16 de noviembre de 2012

Dulce plomo.

Yo creo que cada vez que cambias tú, cambia el mundo, puede que se deba a que al ver las cosas desde un punto de vista más radical actuemos de una forma más fuerte e inexplicable; por ejemplo, hoy me pasé la tarde ausente del whatsapp, quería guardarme la escusa del "oooh lo siento, no lo había leído pero jooo ahora ya es demasiado tarde para quedar :'( "; como si a mi me importara. Más tarde dije una verdad que sabía que un ego como el suyo no aguantaría, lo disfruté muchísimo, me regodeé más que nunca y no paré hasta ver el pañuelo blanco ondeando débilmente. Luego sentí que me pesaban los bolsillos, metí la mano y saqué su llave, recordé todo lo que podía destruir con ella y me dio vértigo, automáticamente marqué su número, quería devolvérsela ya lo supuso y no cogió; confía ciegamente en mi y sin embargo nunca es capaz de estar aquí. Por último, he cerrado todas y cada una de las conversaciones con el único pensamiento de "ojalá me vuelvan a hablar y me digan algo que me despierte" siguen hablando y mantienen monólogos cada vez más solitarios porque con cada palabra que añaden a su respectiva conversación, más me encierro yo en mi misma; en un vacío y un coma que hasta parecen suicídicos.

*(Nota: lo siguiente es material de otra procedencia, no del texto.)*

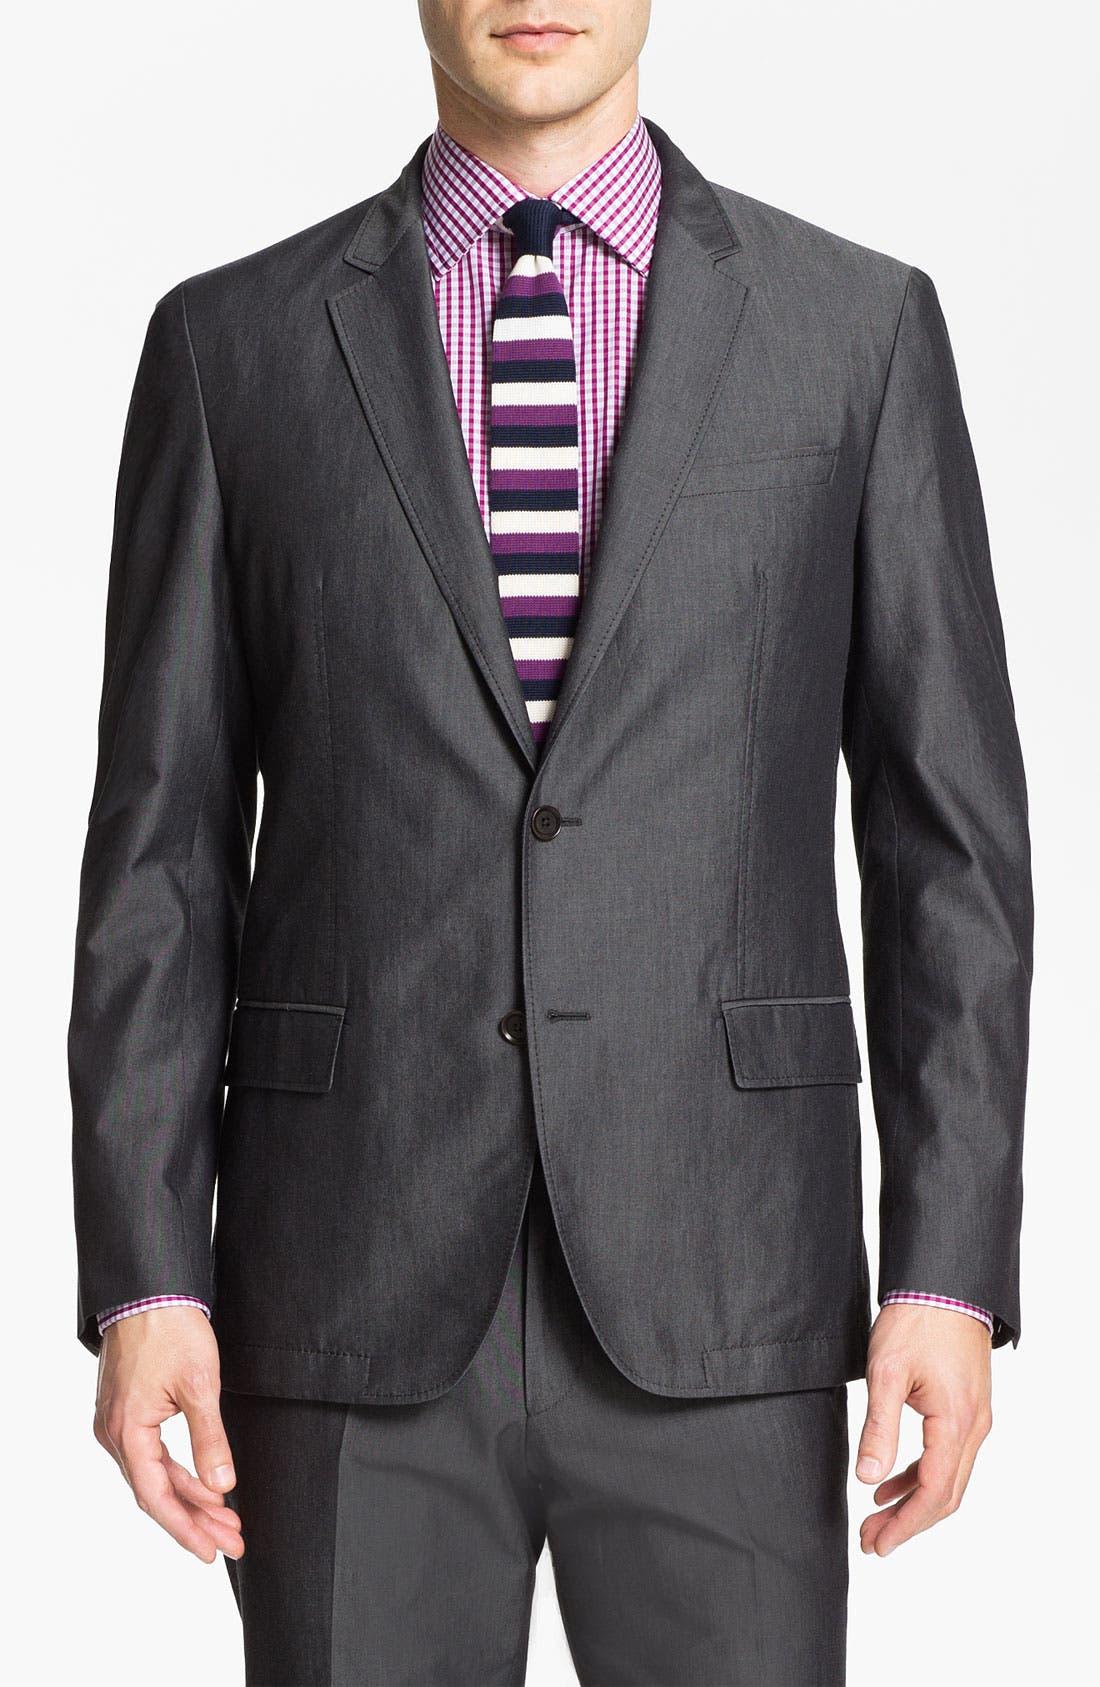 Alternate Image 1 Selected - BOSS HUGO BOSS 'Heaven/Fly' Trim Fit Cotton Blend Suit

Conclusión: la persona que más lejos te quiere es la que más cerca te necesita. Aún así las necesidades son muy relativas hay quienes necesitan palabras bonitas, hechos fuertes o sentir que en los silencios también somos escuchados. Yo me incluyo en el tercer grupo pero ya deberíais saberlo.


P.D fui ausente con quien no estuvo y fui cruel con quien no quiso estarlo. No regalo amor, devuelvo favores.